• Exercise objective:
Only the text should come through, so restate the listing exactly and drop its images.

Segment Start: Collected data

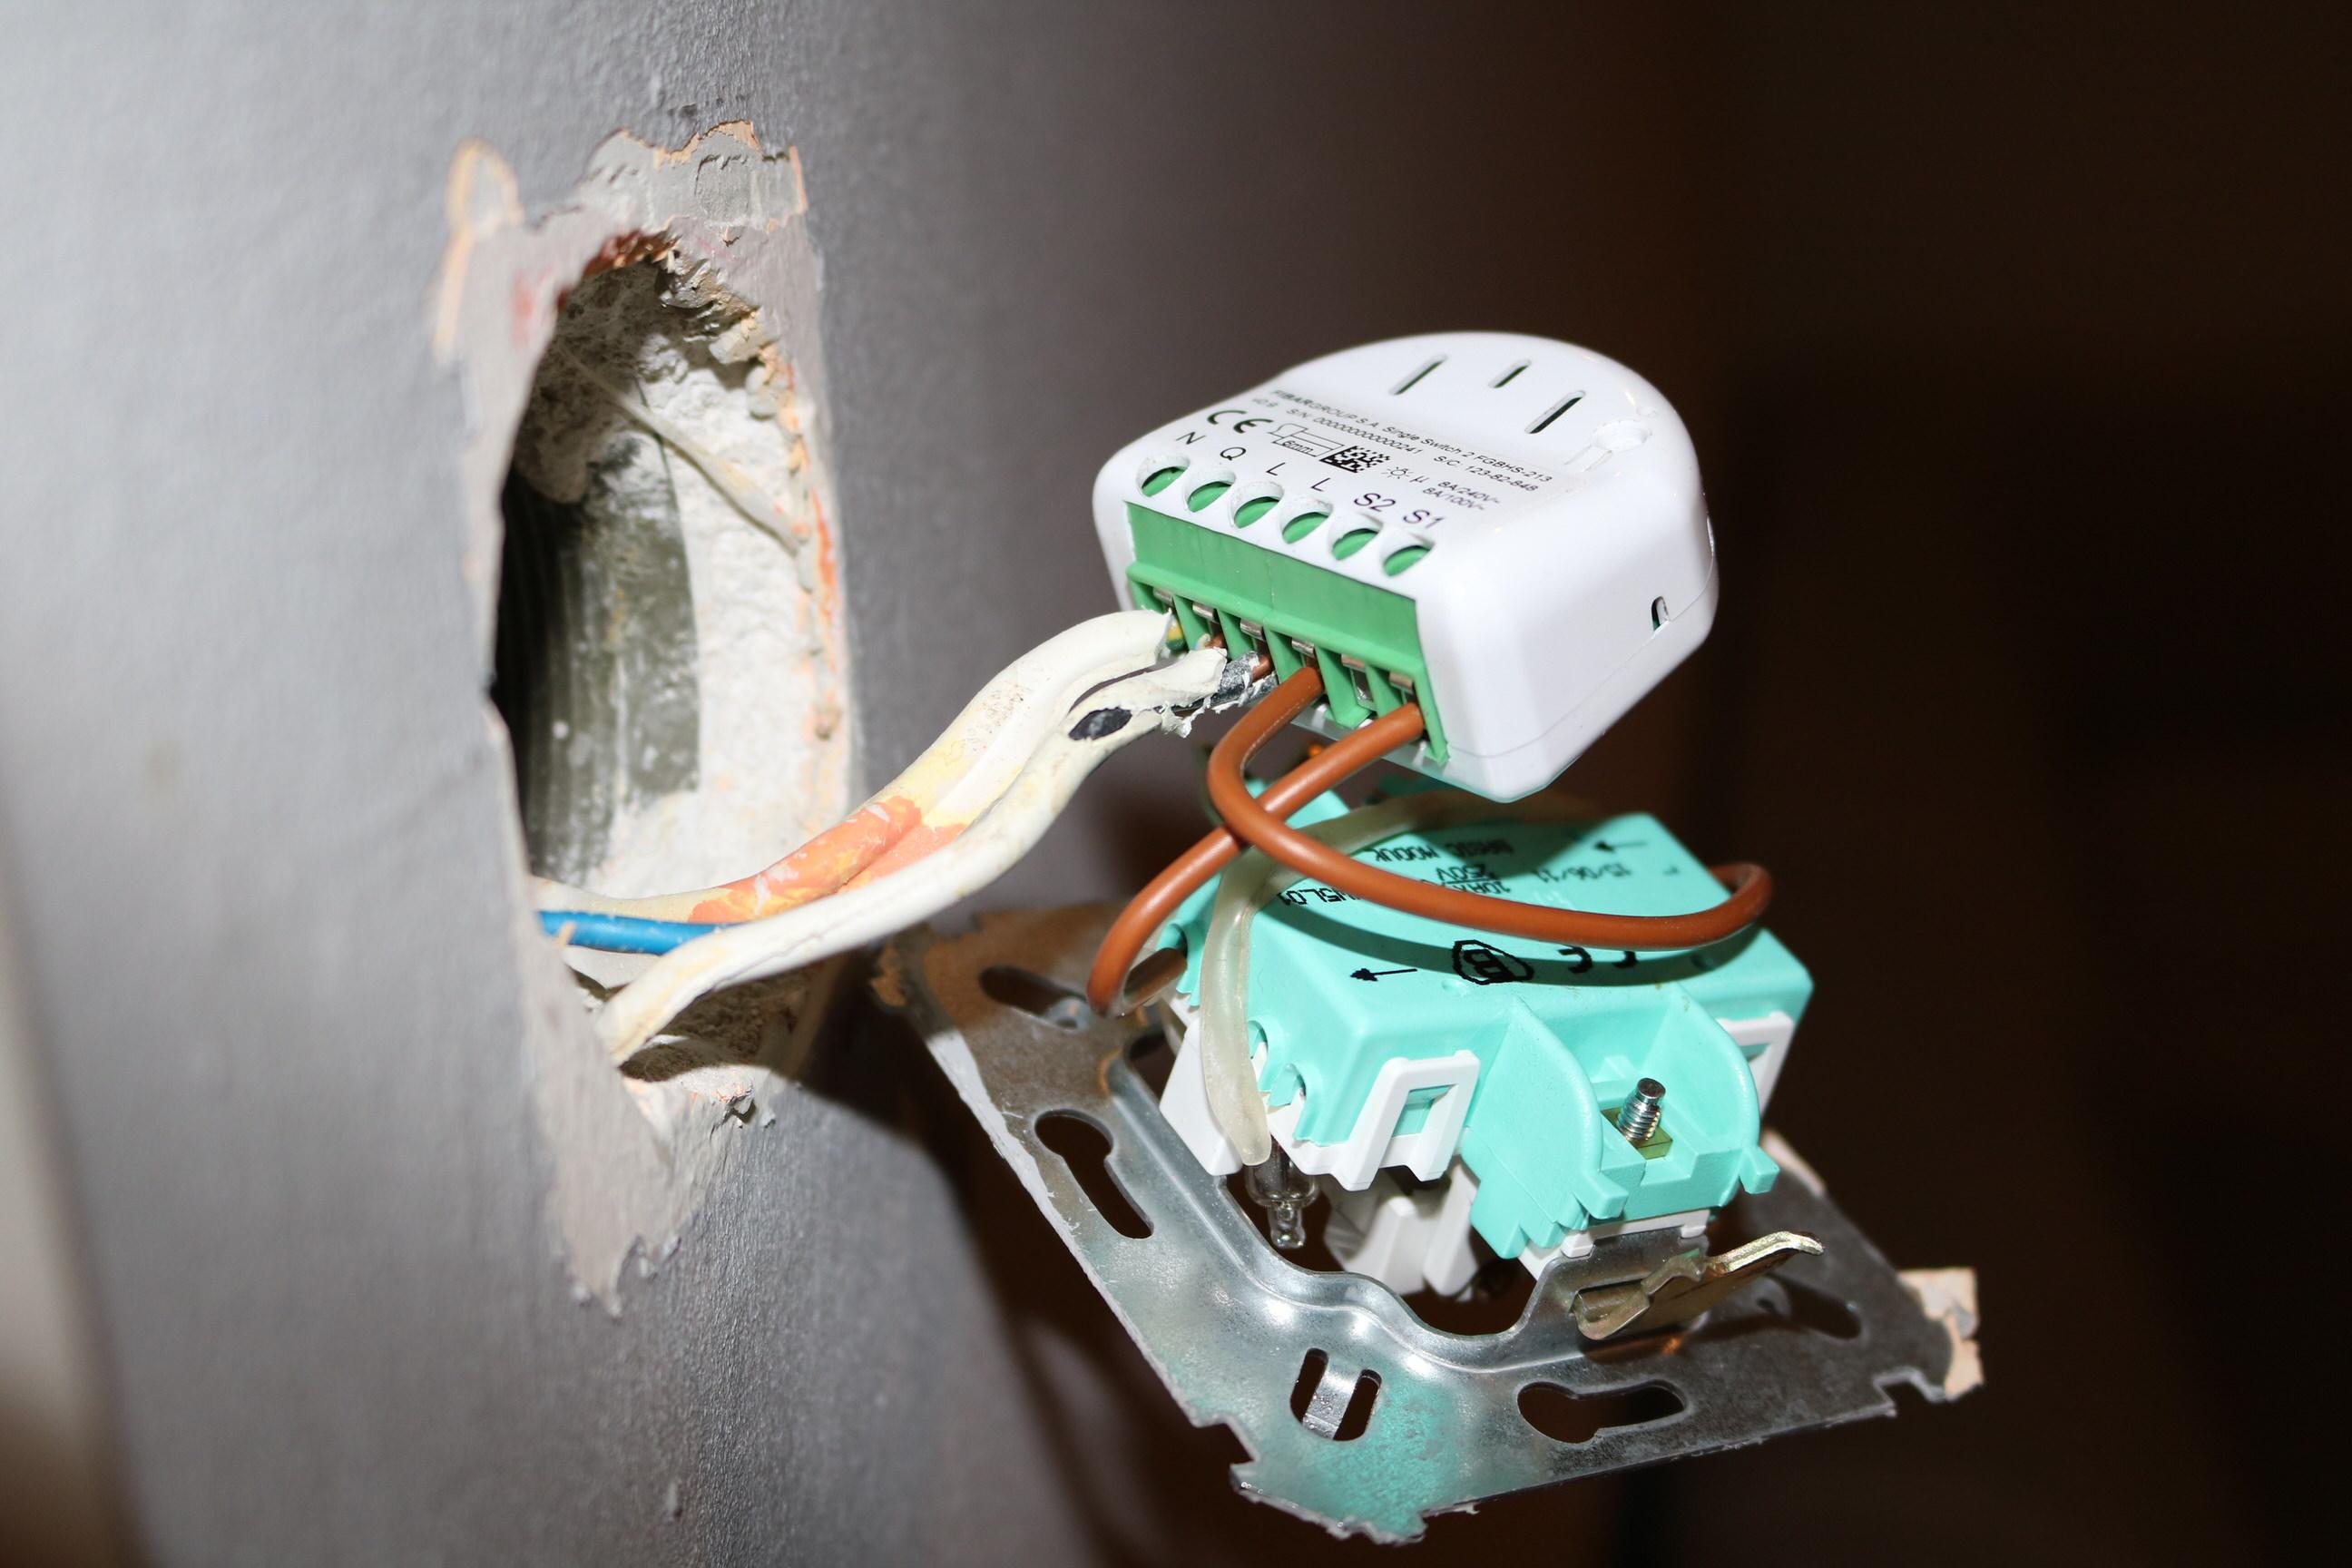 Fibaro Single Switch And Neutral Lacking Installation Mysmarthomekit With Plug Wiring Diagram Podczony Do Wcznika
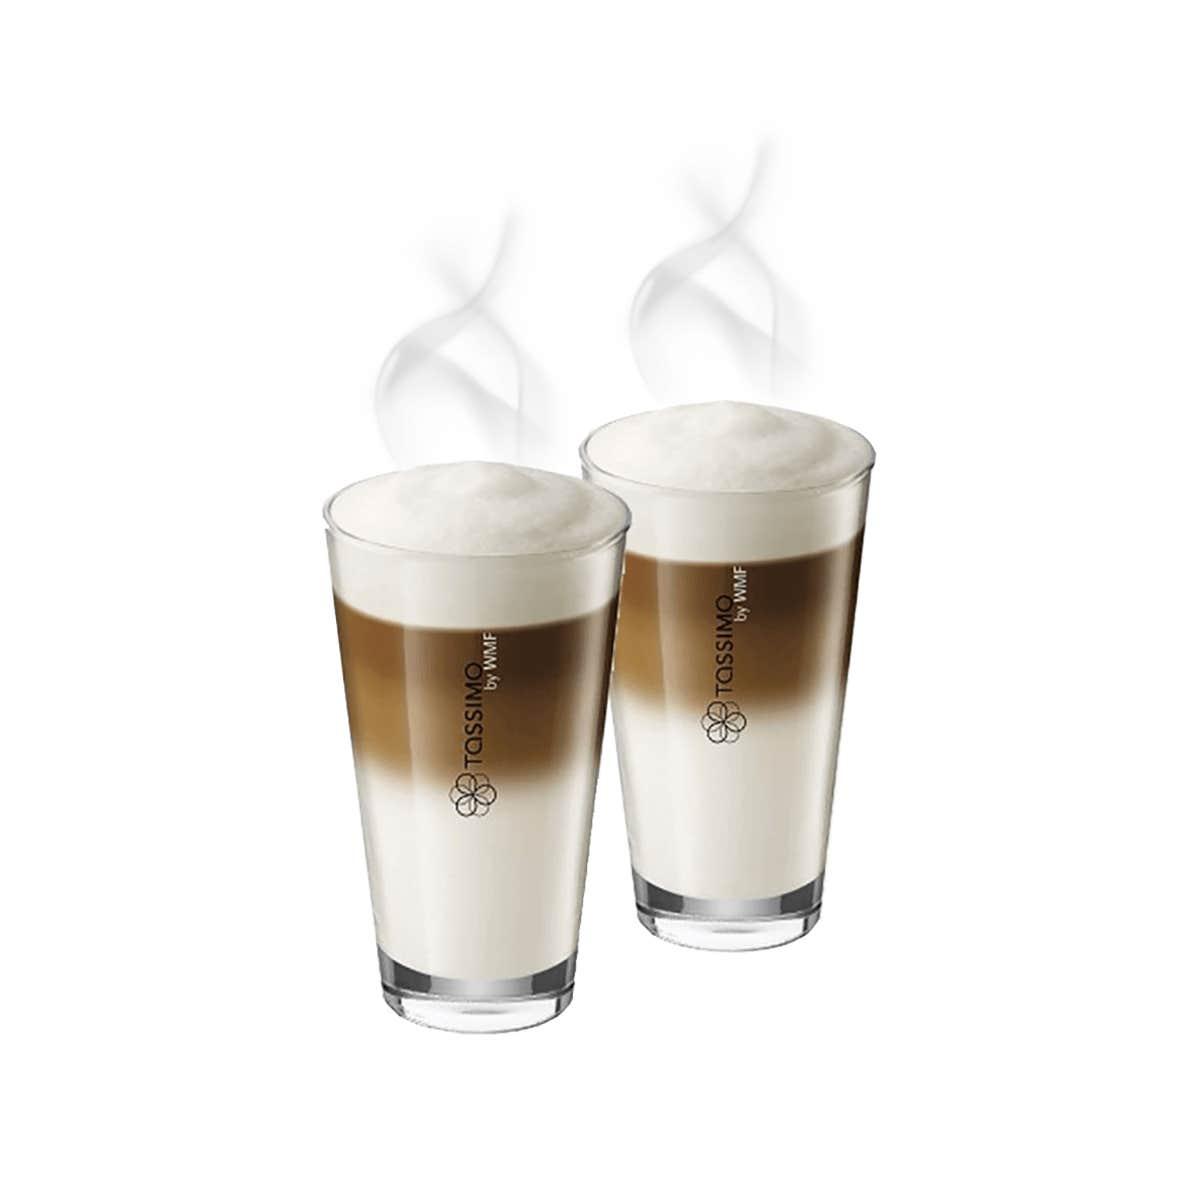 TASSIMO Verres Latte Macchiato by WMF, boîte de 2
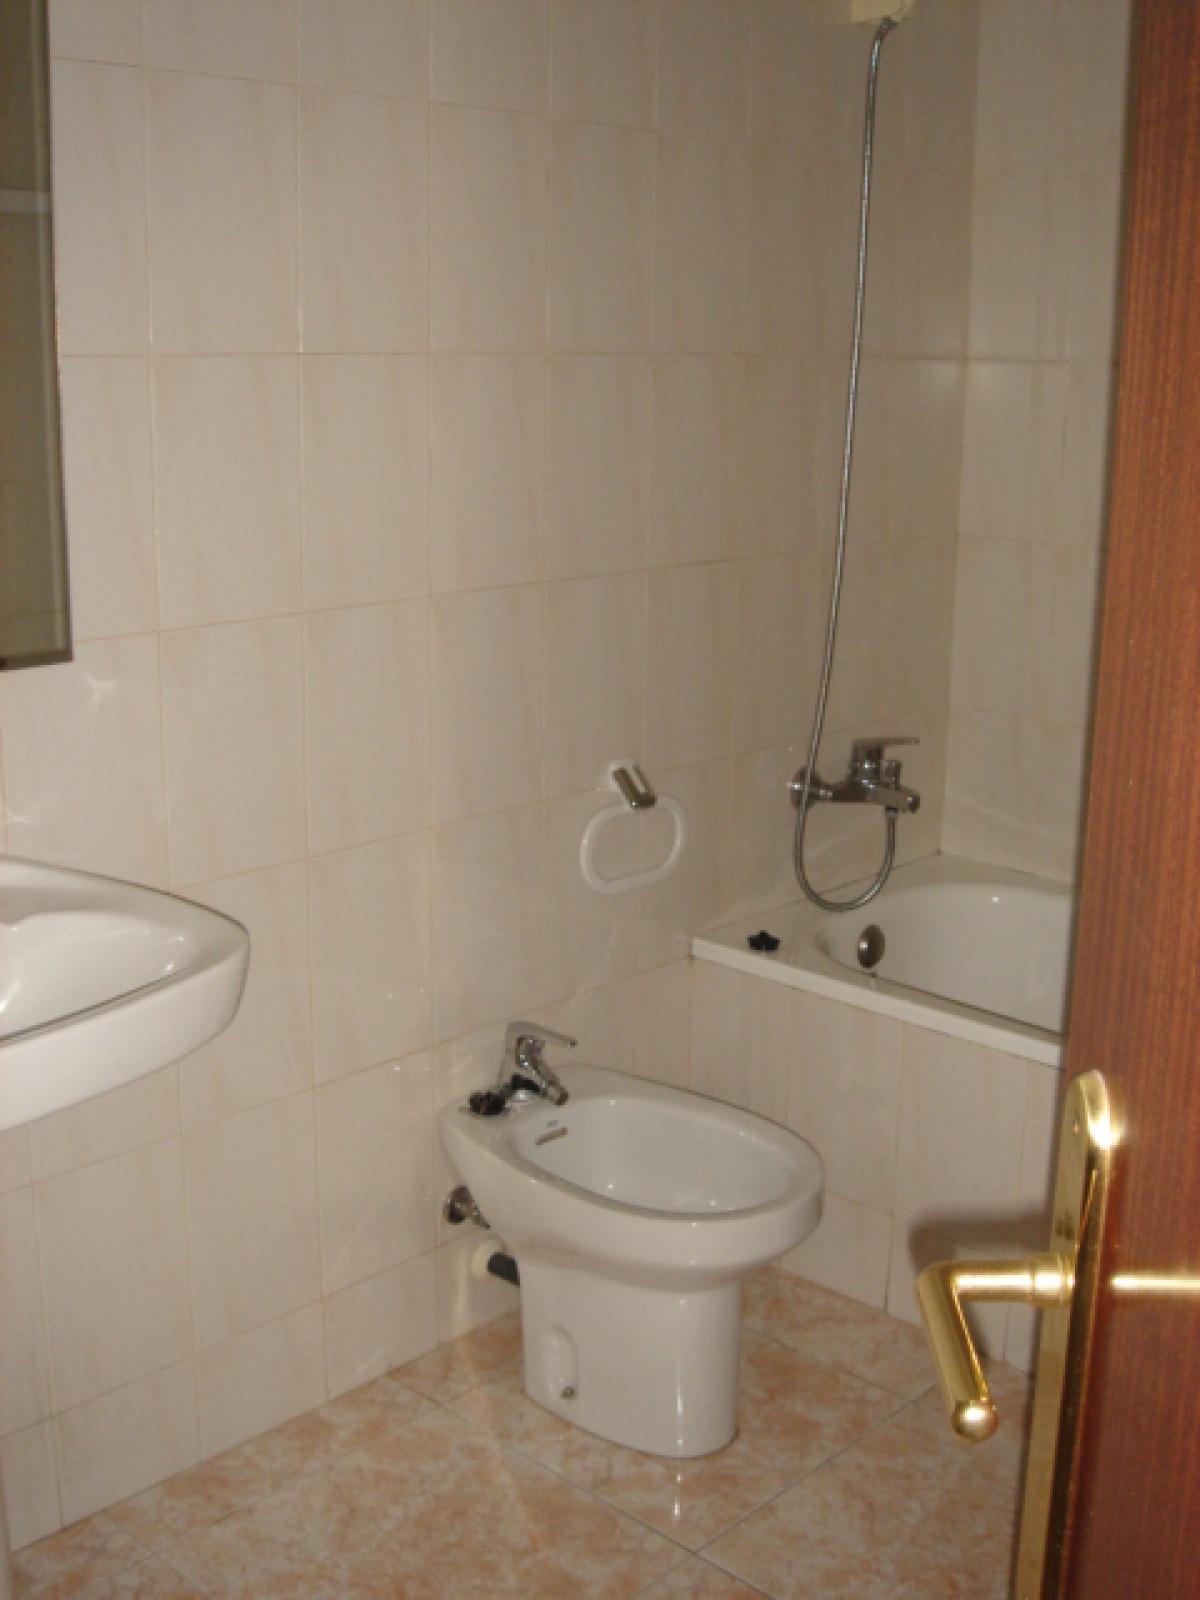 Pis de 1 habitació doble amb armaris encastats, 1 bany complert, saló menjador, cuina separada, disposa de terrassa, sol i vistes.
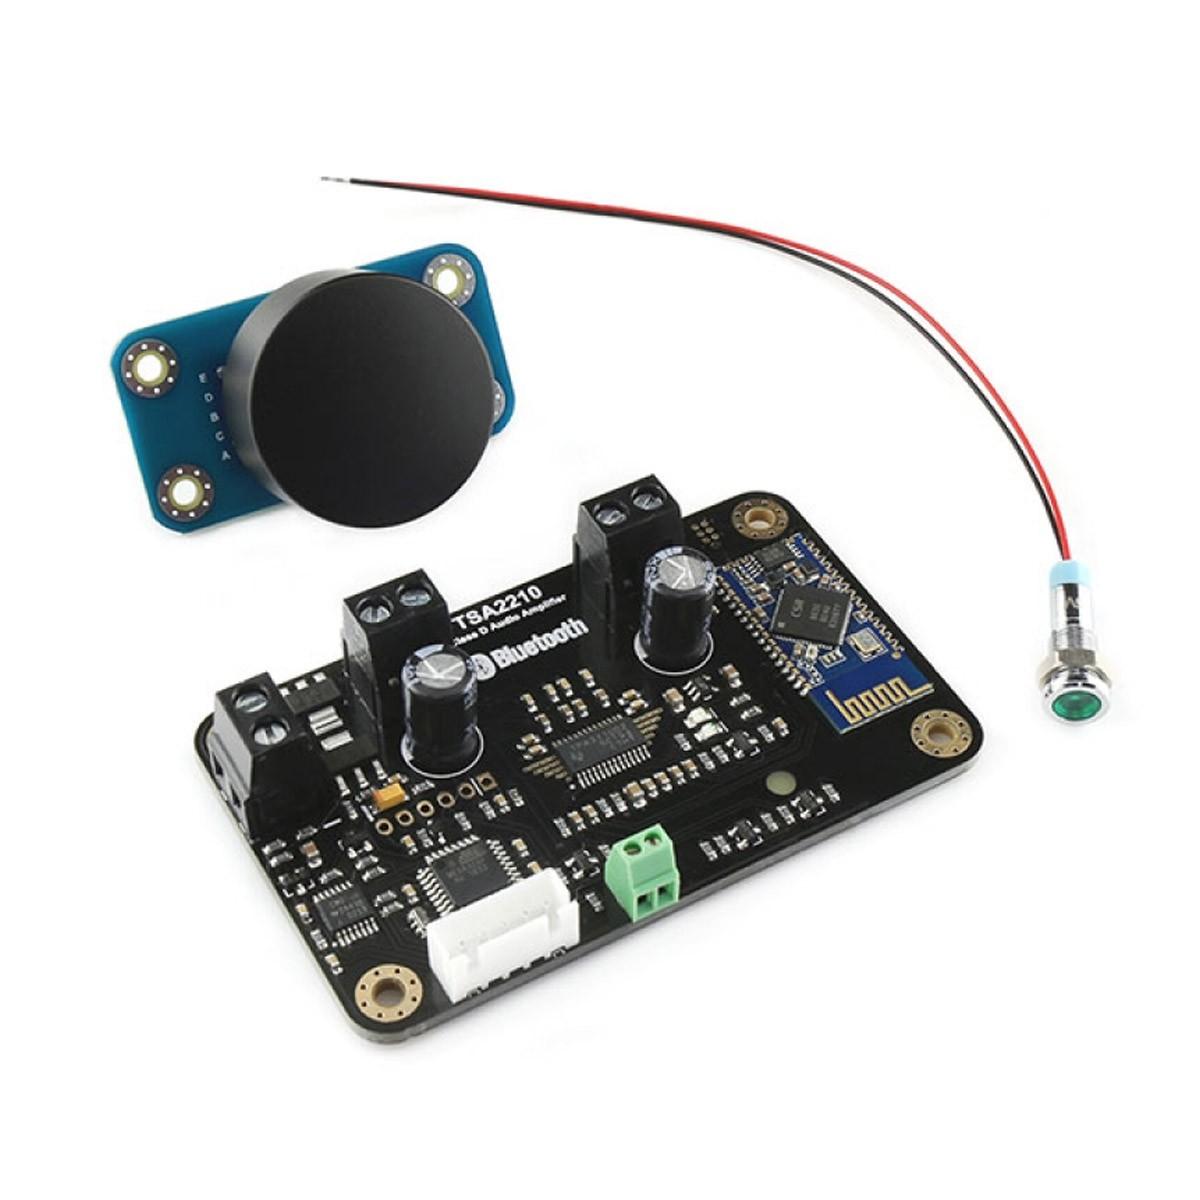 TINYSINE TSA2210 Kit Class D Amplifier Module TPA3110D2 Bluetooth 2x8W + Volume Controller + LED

Segment End: Collected data

• Solution to this exercise:
 Fibaro Single Switch And Neutral Lacking Installation Mysmarthomekit With Plug Wiring Diagram Podczony Do Wcznika
 TASSIMO Verres Latte Macchiato by WMF, boîte de 2
 Pis de 1 habitació doble amb armaris encastats, 1 bany complert, saló menjador, cuina separada, disposa de terrassa, sol i vistes.
 TINYSINE TSA2210 Kit Class D Amplifier Module TPA3110D2 Bluetooth 2x8W + Volume Controller + LED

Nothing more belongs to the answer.